As probably the only working pup in her class, she will be under greater scrutiny - I don't want to present a goofy pup as she will be at a disadvantage. She has nice enough structure that with training, she will show well, and represent her lines well. She is too silly right now and has not had sufficient show work yet. 

I just don't want to go there and present my pup poorly, or mar my breeder's name. I just wish I could get one smaller show with her (like OG Landheim or OG Carolina) before the SS, but all the deadlines fall well before the cut off for SS so I will have to enter now and will not get a chance to see how she does at a show before I have to enter for SS. I do not really want to show her at OG Carolina because she will still not be ready, but I want to see how she does at a bigger show. I am still having such a hard time deciding about the SS - half the time, I type in her info and then just click out when I have second thoughts


----------



## VTcoach

I will be entered in the 6-9 female class and will likely be our pups first show.
So not expecting to do great, just get some experience and have fun.


----------



## gsdlover91

Wow this is in Lake Geneva, Wisconsin?! Thats like thirty minutes from my house.


----------



## qbchottu

Come and say hello - will be a great show! 2 dogs entered!


----------



## gsdlover91

Never been to one, so I am definitely interested! Is the show free? Tried looking on the site. I didn't know puppies could do it, awww.


----------



## qbchottu

Yup - free! If you do bring your dog, I wouldn't have him out during the show.
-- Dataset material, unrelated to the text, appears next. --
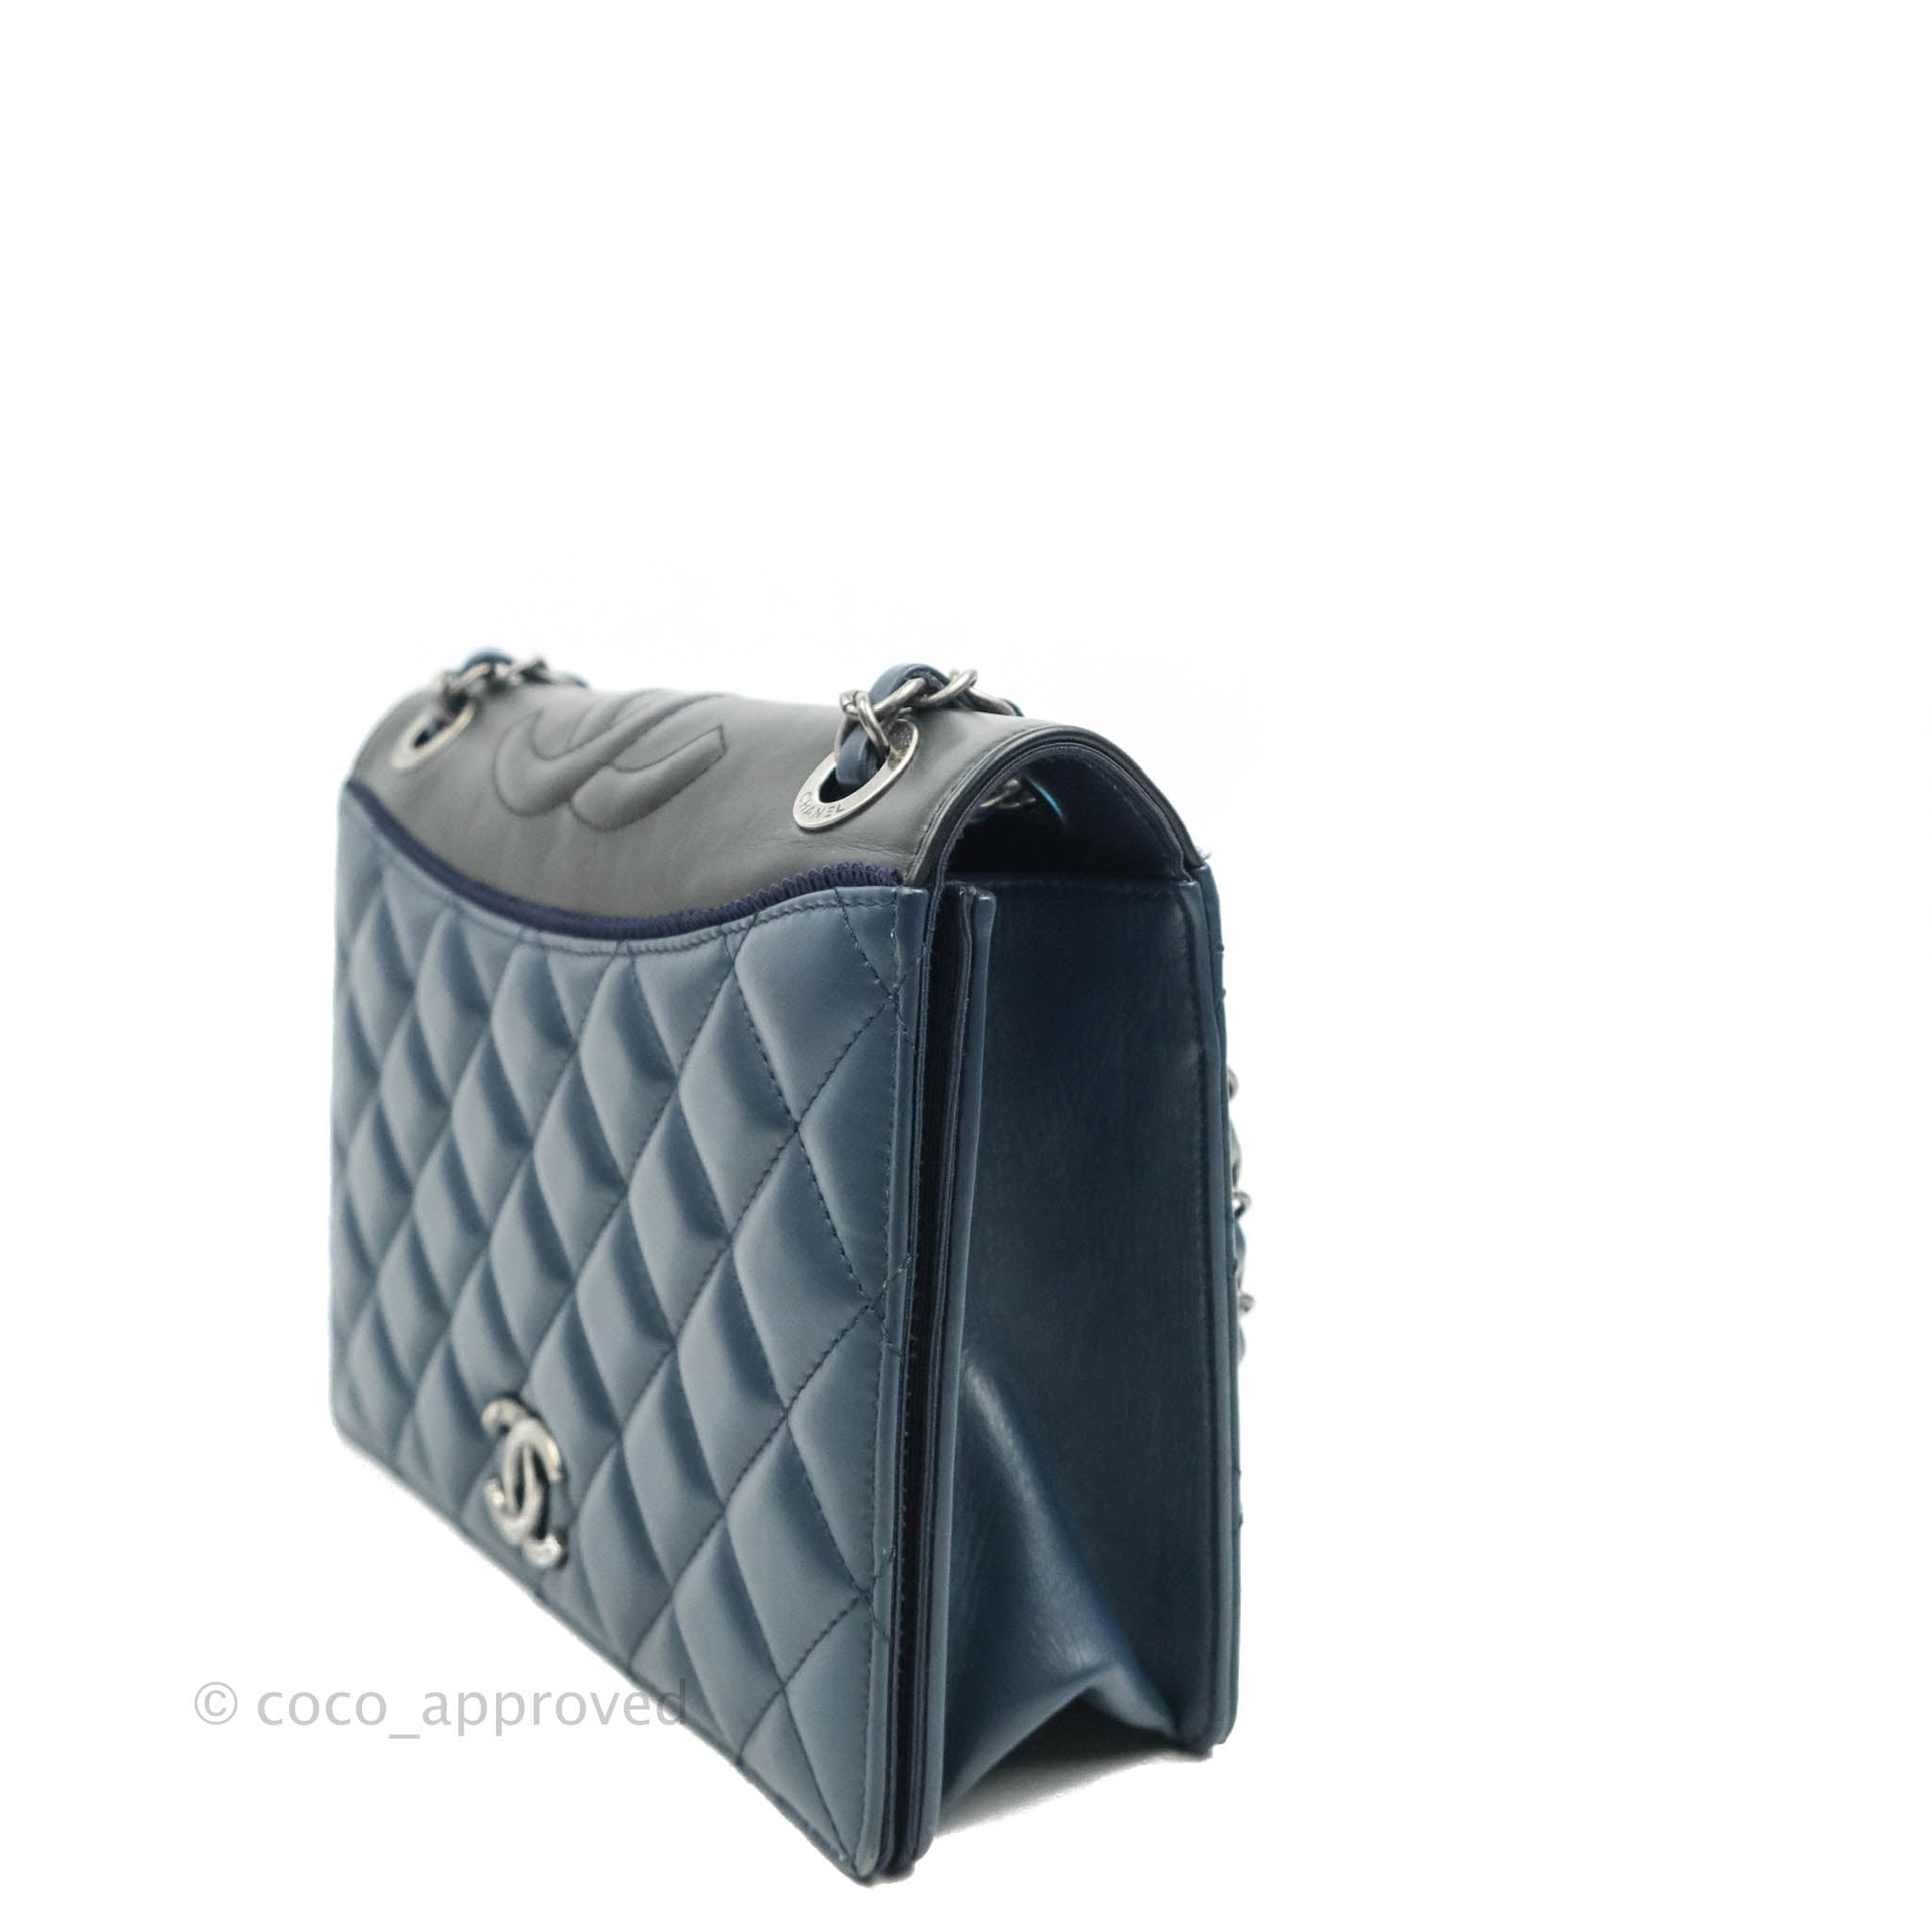 Chanel Quilted Ballerina Small Flap Bag Blue Black Ruthenium

Puppy class is very cute!! I have a 4 month old entered - she will be a a couple weeks shy of 6 months when she shows! She's a determined little puller and I think she'll stack herself by then


----------



## gsdlover91

qbchottu said:


> Yup - free! If you do bring your dog, I wouldn't have him out during the show.
> 
> Puppy class is very cute!! I have a 4 month old entered - she will be a a couple weeks shy of 6 months when she shows! She's a determined little puller and I think she'll stack herself by then


Aww, well if I go, I hope to see her! And nope I wont bring him LOL he'll be way too interested in all the dogs there. But I wish I would have known puppies could do it, I would have entered him! (and prepared him somewhat) LOL he doesn't stack himself.


----------



## lhczth

A few videos of the performance portion. Only the first 19 dogs. Not sure where the rest are. 
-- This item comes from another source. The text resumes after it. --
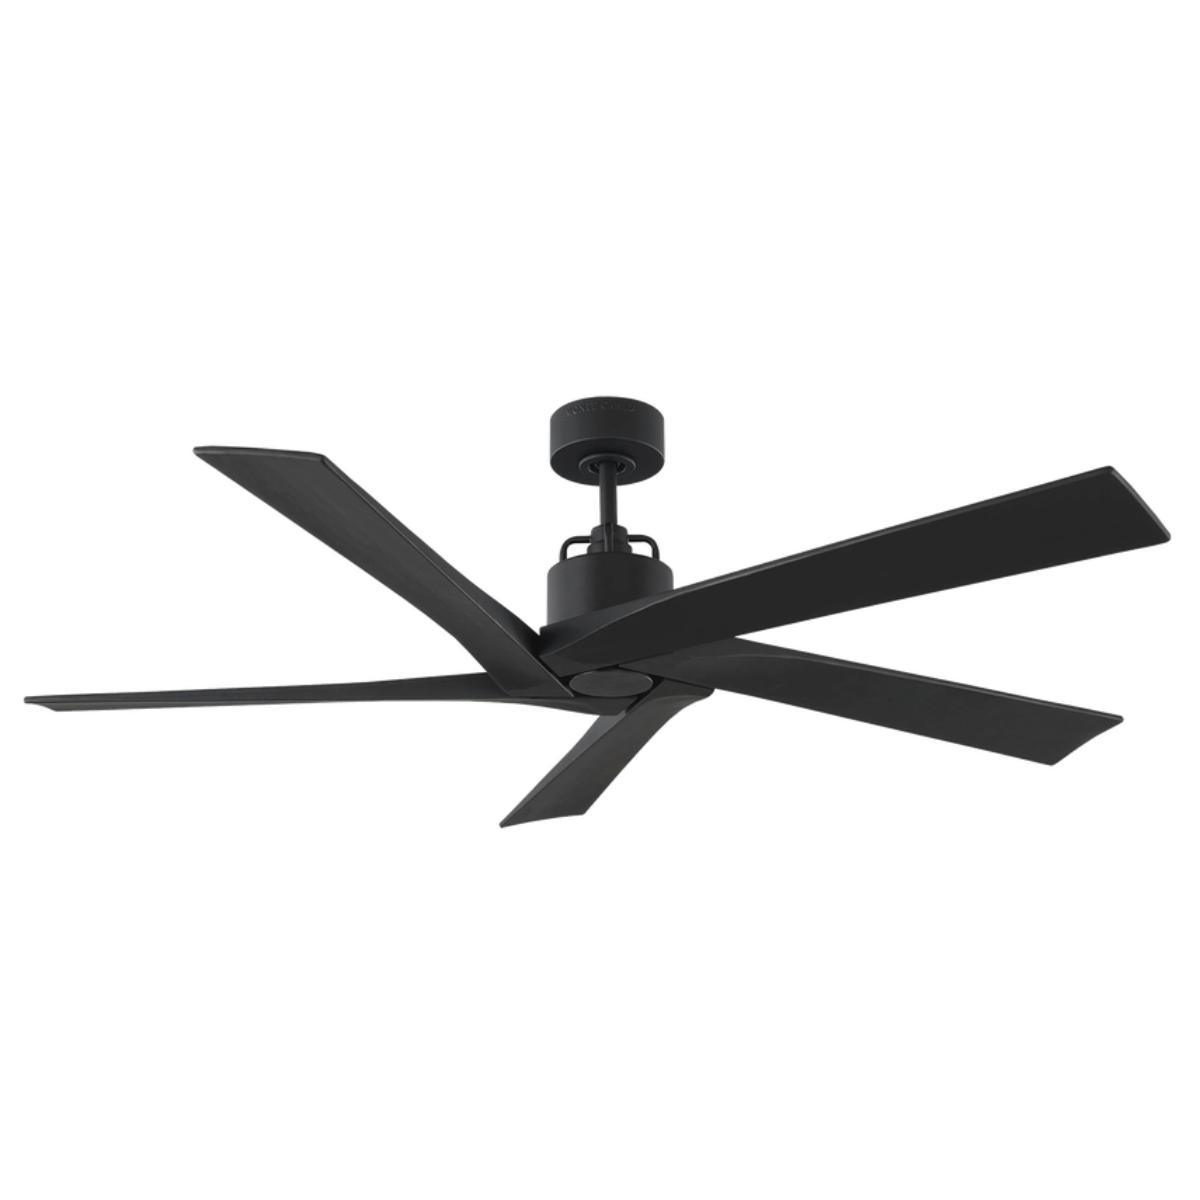 Aspen 56 Inch Ceiling Fan with Remote, Midnight Black Finish - Bees Lighting

United Schutzhund Clubs of America - For the German Shepherd Dog


----------



## onyx'girl

#18 was impressive


----------



## Suka

#1 dog appears to be overweight. #10 was very impressive. I did not look at each and every video, though...


----------



## Liesje

#1o is Griff v. TeMar, probably one of few dogs in that show that was actually trained and titled by his owner/handler.


----------



## Ocean

Suka said:


> #1 dog appears to be overweight.


#1 appears to be a very plush coat, almost long hair, show-working cross


----------



## lhczth

Many of them are over weight. 

#1 dog is a long stock and he is a show/working cross.


----------



## Liesje

It looks damp there too, which makes them poof out. Nikon looked fat the other day when he was damp after a bath, but he only weighs 70lbs and is last two ribs show once his coat is dry and flattens. I spritzed him with water x apple cider vinegar for his shows this weekend because for conformation the judges seem to favor, um, thicker dogs with crazy amounts of coat.


----------



## Sunflowers

#2 looks as if he saw a squirrel in the trees. LOL!
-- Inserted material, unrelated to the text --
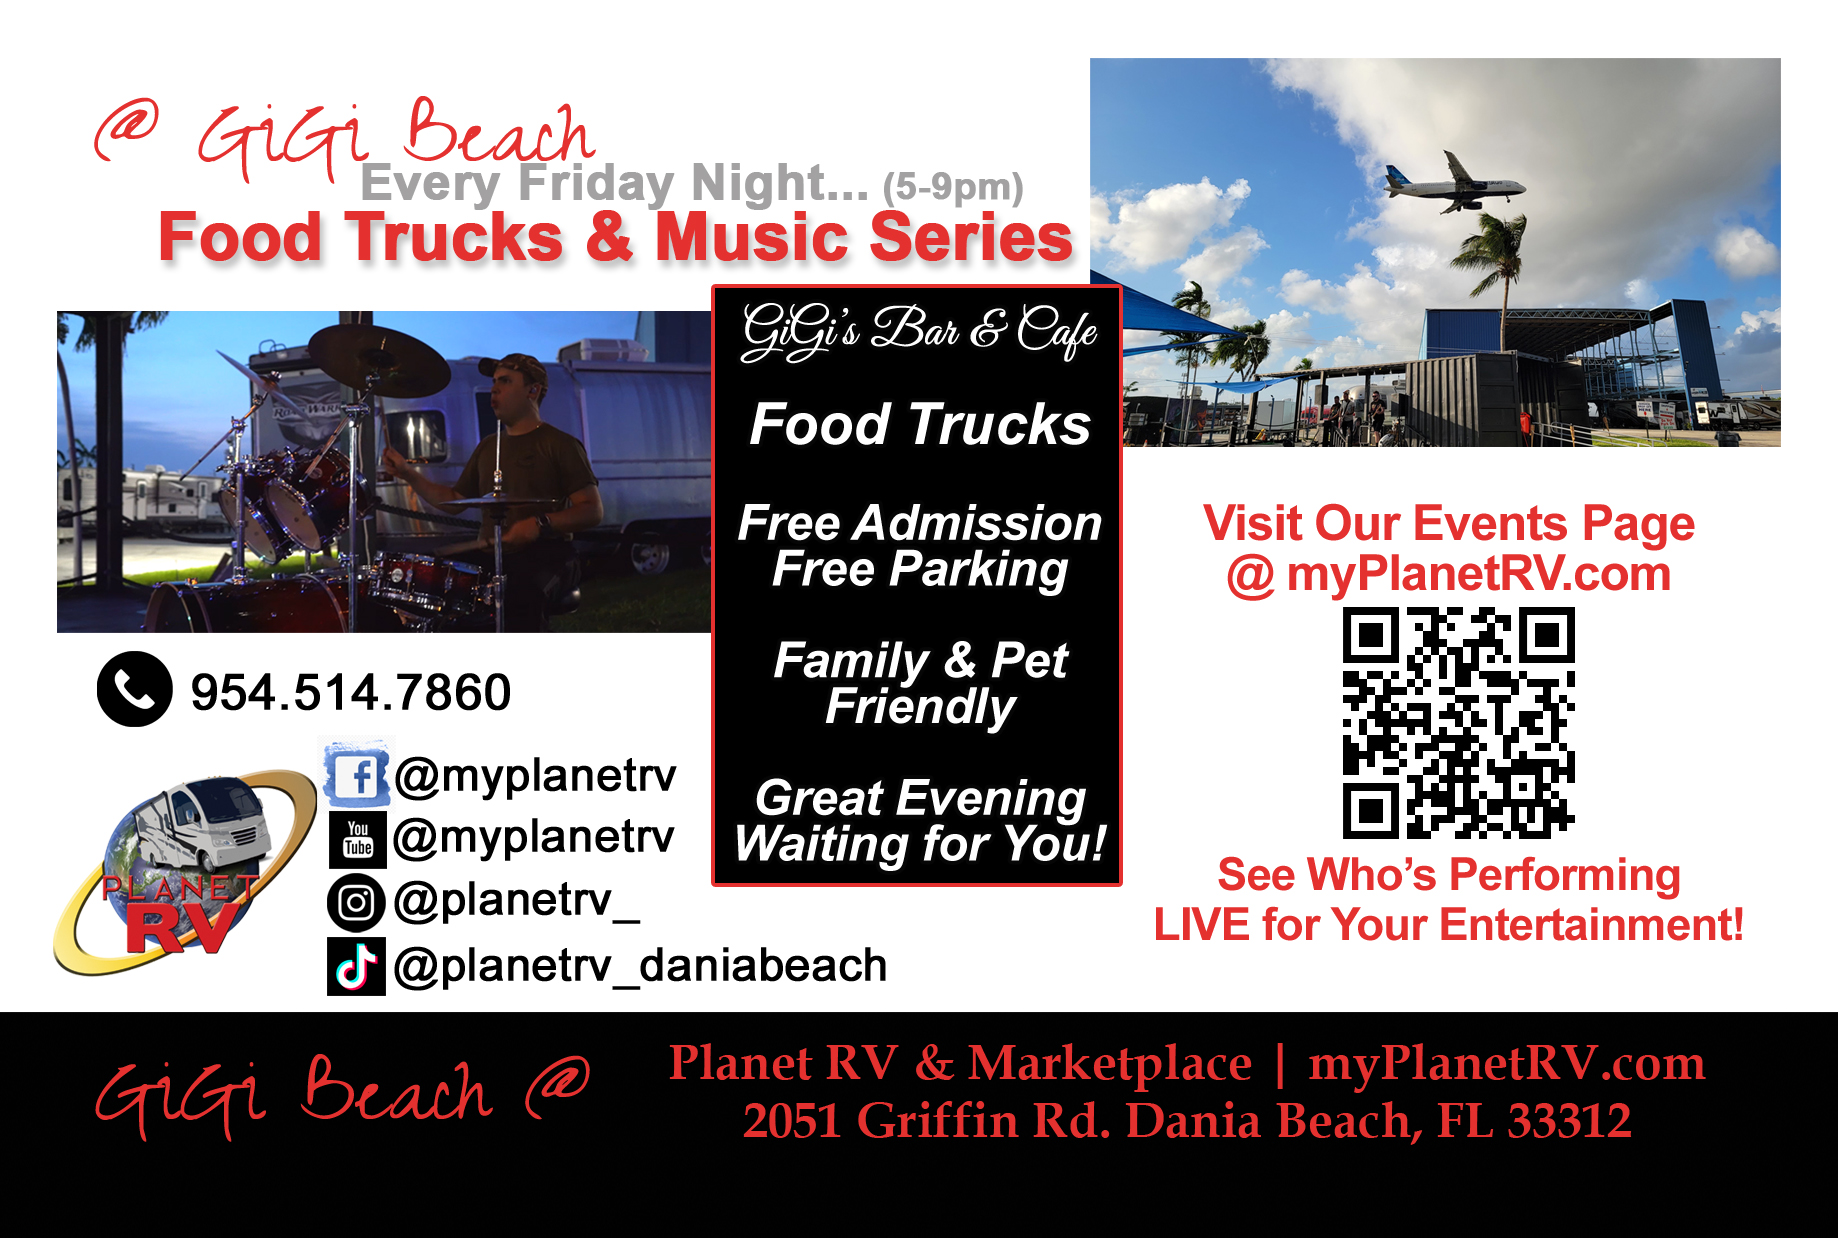 Food Trucks & Music Series Every Friday Night at Planet RV

#3 went for the sleeve with gusto and then bounced with every bark


----------



## Carriesue

Wish I could have gone! I have a show/working cross, always wondered if they were allowed/how they did at a Seiger show, never been before! Seems like all the good stuff happens on that side of the country.


----------



## Suka

Ocean said:


> #1 appears to be a very plush coat, almost long hair, show-working cross


I did kind of wonder...


----------



## Liesje

1-3 are long hair, you can see all the entries on the site.


----------



## Suka

Heck , they are all beautiful. I felt ashamed later after I posted that. It sounded snide.


----------



## Xeph

I "know" the first dog. Seen him many times. He, #3, and #10 were all dogs I appreciated


----------



## Fade2Black

Congrats to team Bullinger from Havoc (Juneau-Quinella)......

VP 3 Hotch
VP 3 Yenno
VP 3 Yanni
SG5 Qya
SG5 Ideal

VA 7 Jaqi
VA 8 Juneau

V3 Jukon
V10 Emster

2nd Place Kennel Group

Universal Siegerin Chloe


----------



## cliffson1

Bullinger kennel has a very good breeding program, which I have praised on many occaisons....I'm glad for Tracey!


----------